| What the task requires |
Only the lines from the one containing "Сороконожки Adidas Nemeziz" to the end of the data below belong in the answer, each repeated exactly; no pictures.

| Data |

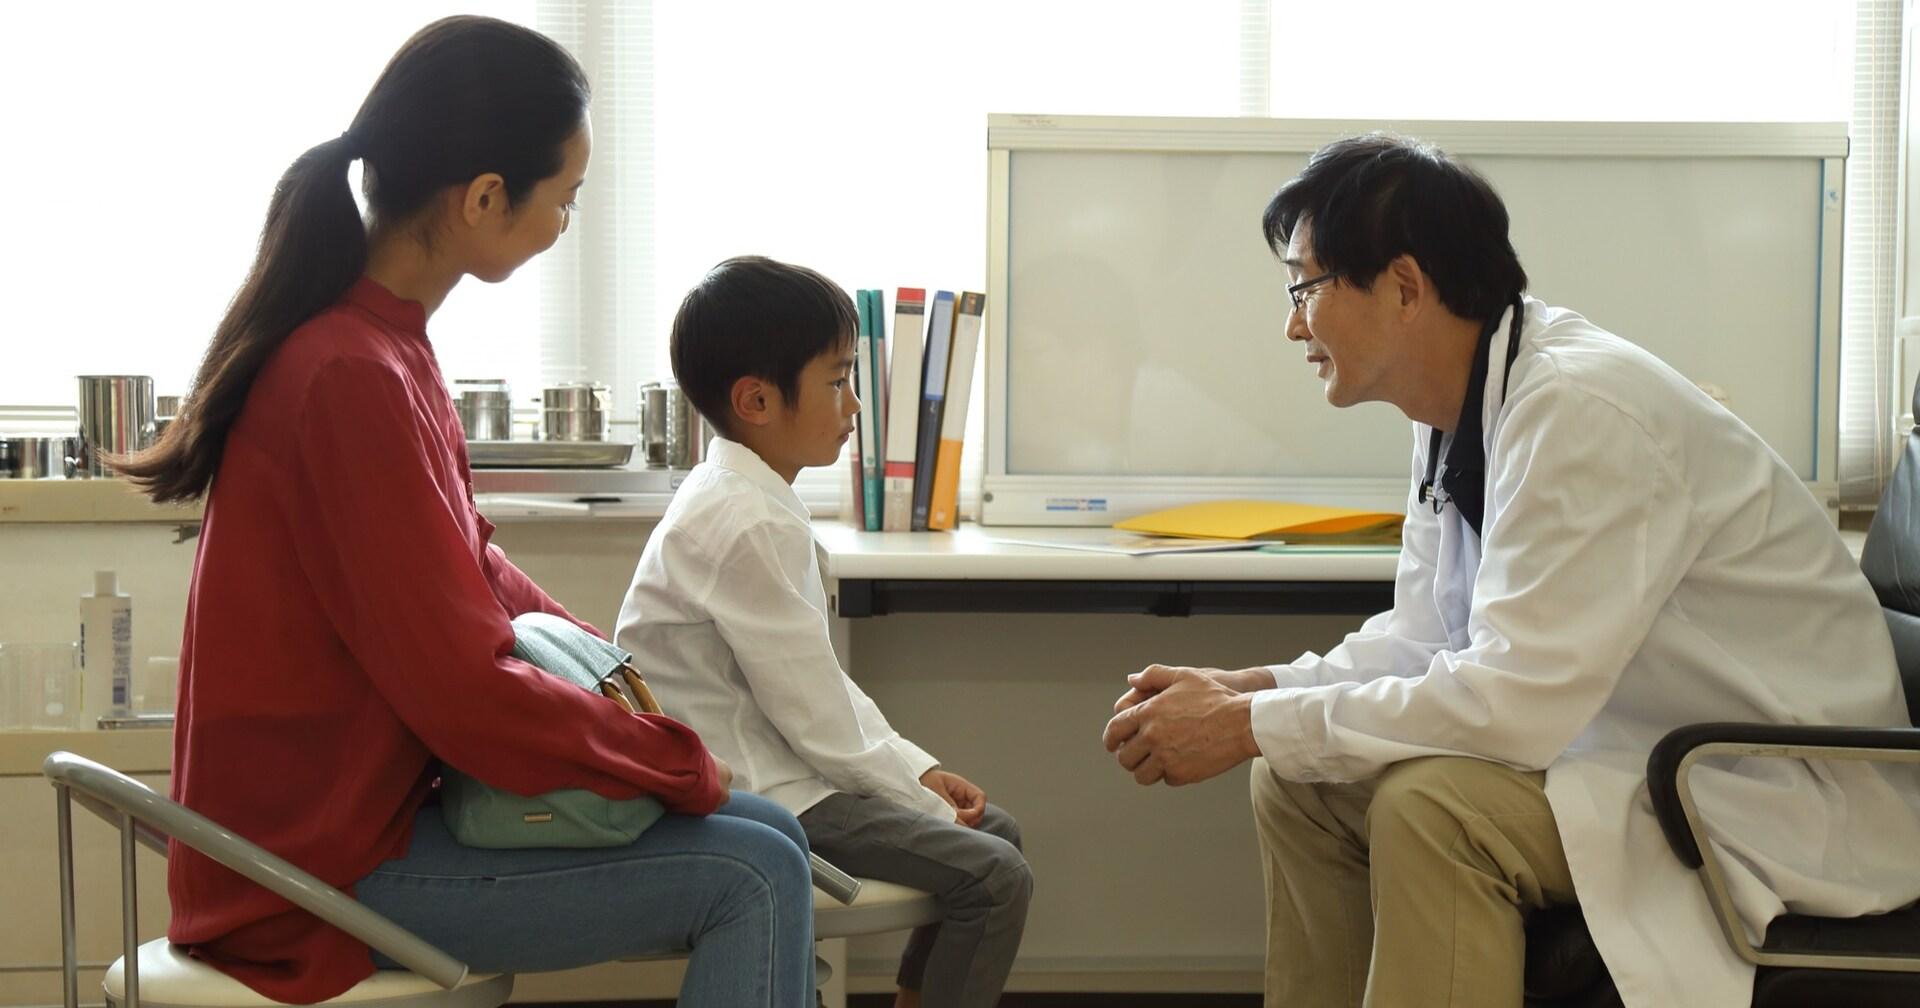 【注意喚起】「様子を見ましょう」と言われたら…子供の発達に関する相談で必ず質問すべき事項に納得の声
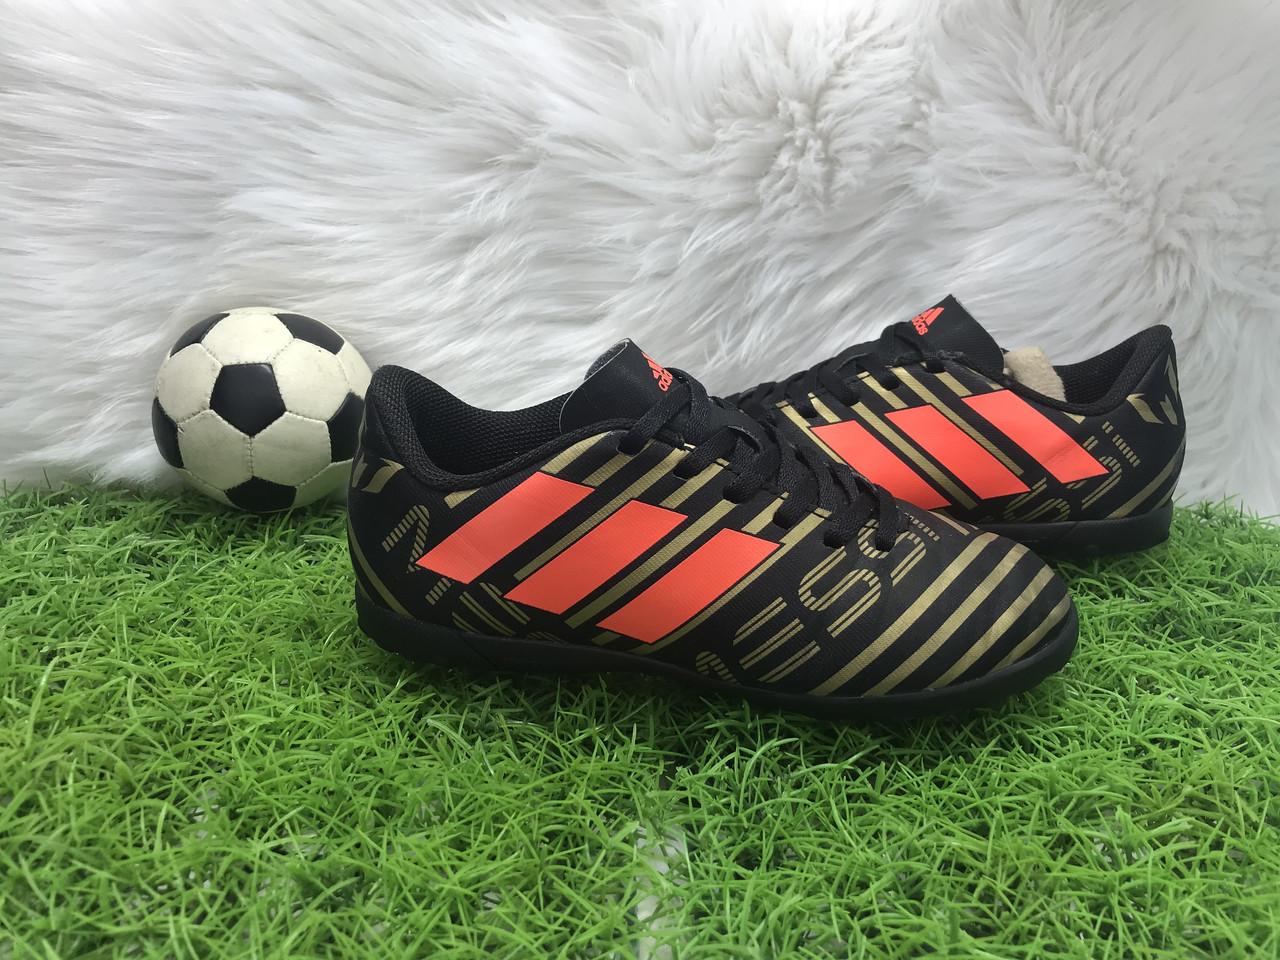 Сороконожки Adidas Nemeziz Messi Tango 17,4 TF Jr (31 размер) бу
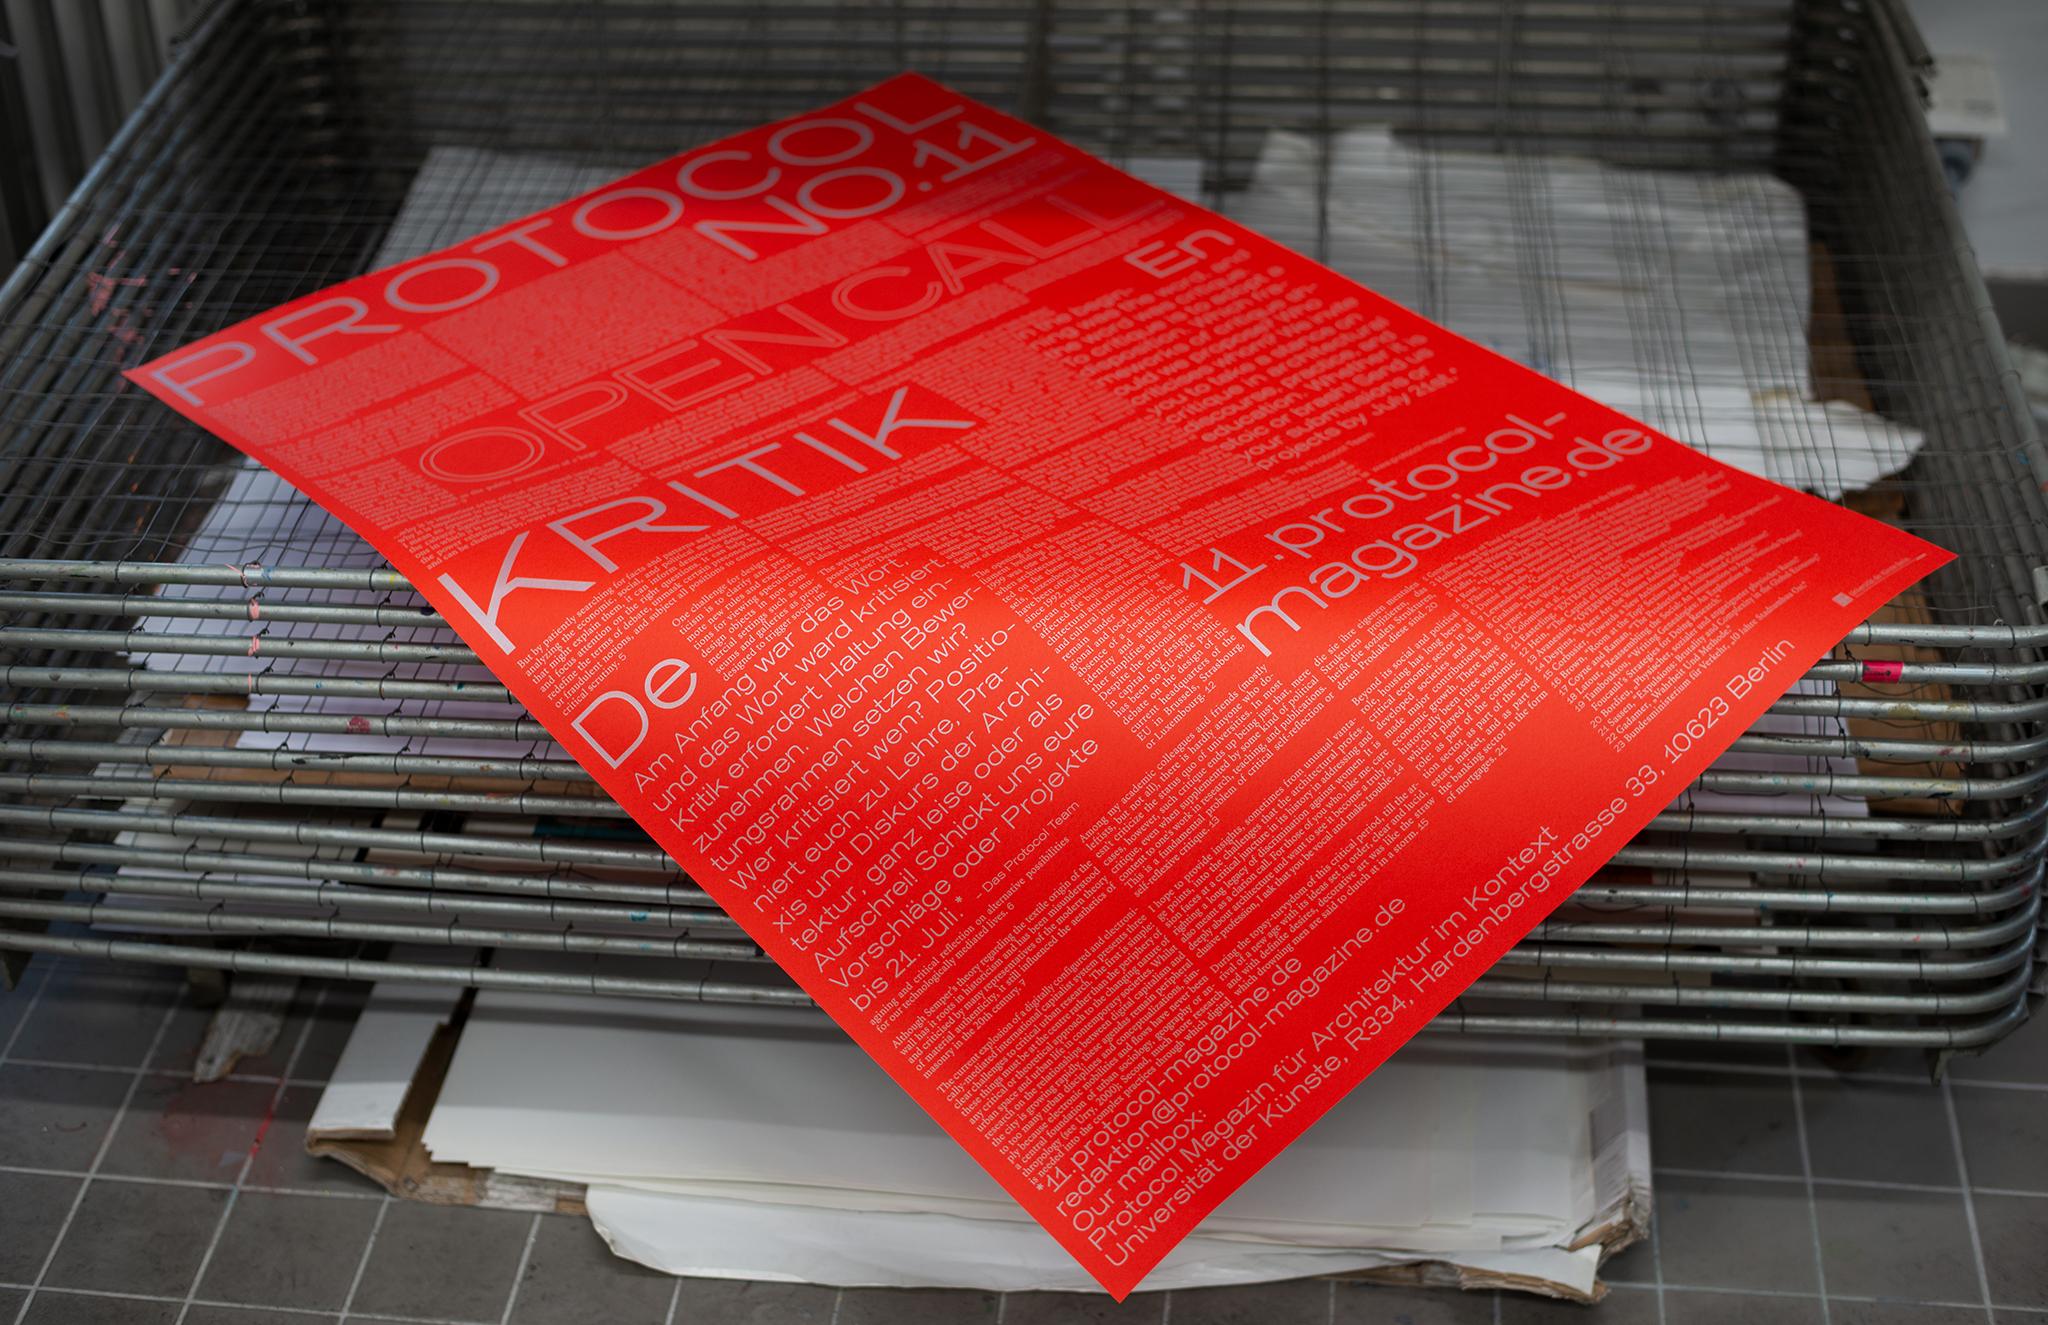 Protocol 11 Magazin für Architektur im Kontext Open Call Poster

| Response area |
 Сороконожки Adidas Nemeziz Messi Tango 17,4 TF Jr (31 размер) бу
 Protocol 11 Magazin für Architektur im Kontext Open Call Poster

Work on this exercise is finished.